KUALA LUMPUR : Kuala Lumpur Kepong Bhd (KLK) is anticipated to deliver stronger net profit in the second half of the financial year ending 30 September 2025 (2HFY25), with the absence of derivatives-related losses expected to bolster earnings performance, according to CIMB Securities Research.
The research house noted that although KLK has revised its full-year fresh fruit bunch (FFB) production guidance to reflect mid-single-digit growth, it maintains a positive outlook for the second half, supported by improved production levels.

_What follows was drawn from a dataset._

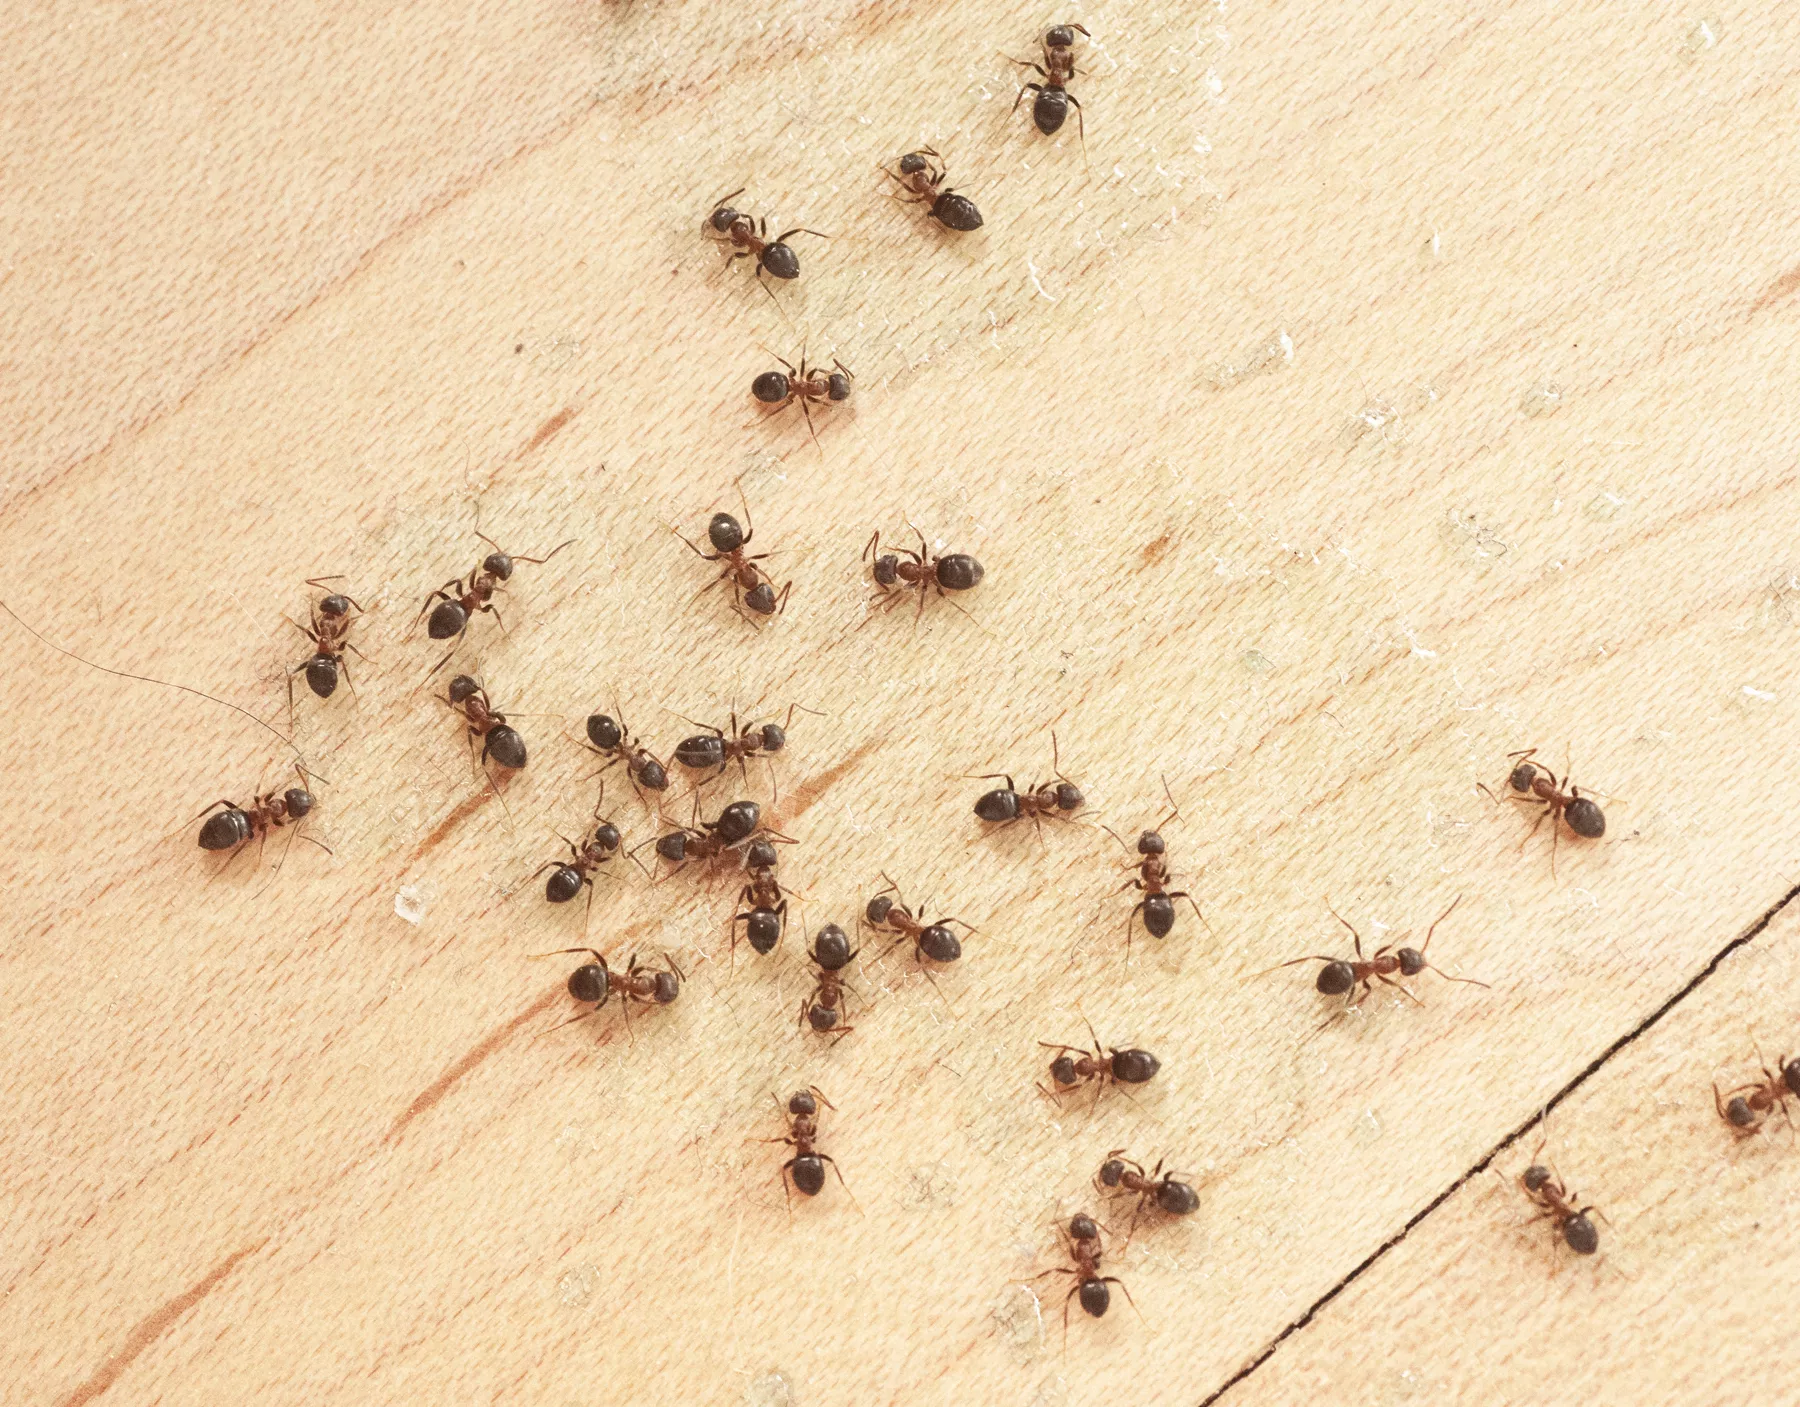 Ants In Kitchen.webp

CIMB Securities highlighted that this implies production in 2HFY25 could contribute approximately 52 per cent of total annual output, sustaining earnings momentum. However, the impact of this uplift is likely to be partially offset by the current decline in crude palm oil (CPO) prices.
KLK recorded a 2.5 per cent year-on-year decrease in ex-mill CPO production costs to RM2,100 per tonne in the first half of FY25 (1HFY25), mainly due to lower fertiliser prices.
Despite this, the firm continues to face headwinds in several areas. Refining margins are expected to remain weak, its glove division remains in the red, and gas supply disruptions have adversely affected operational efficiency at its oleochemical facilities during the third quarter of FY25.
KLK disclosed that the RM252 million in derivatives losses reported in 1HFY25 were largely unrealised, with approximately RM143 million related to US dollar hedging activities.
CIMB Securities has maintained its ‘Hold’ rating on KLK, with an unchanged target price of RM21.50.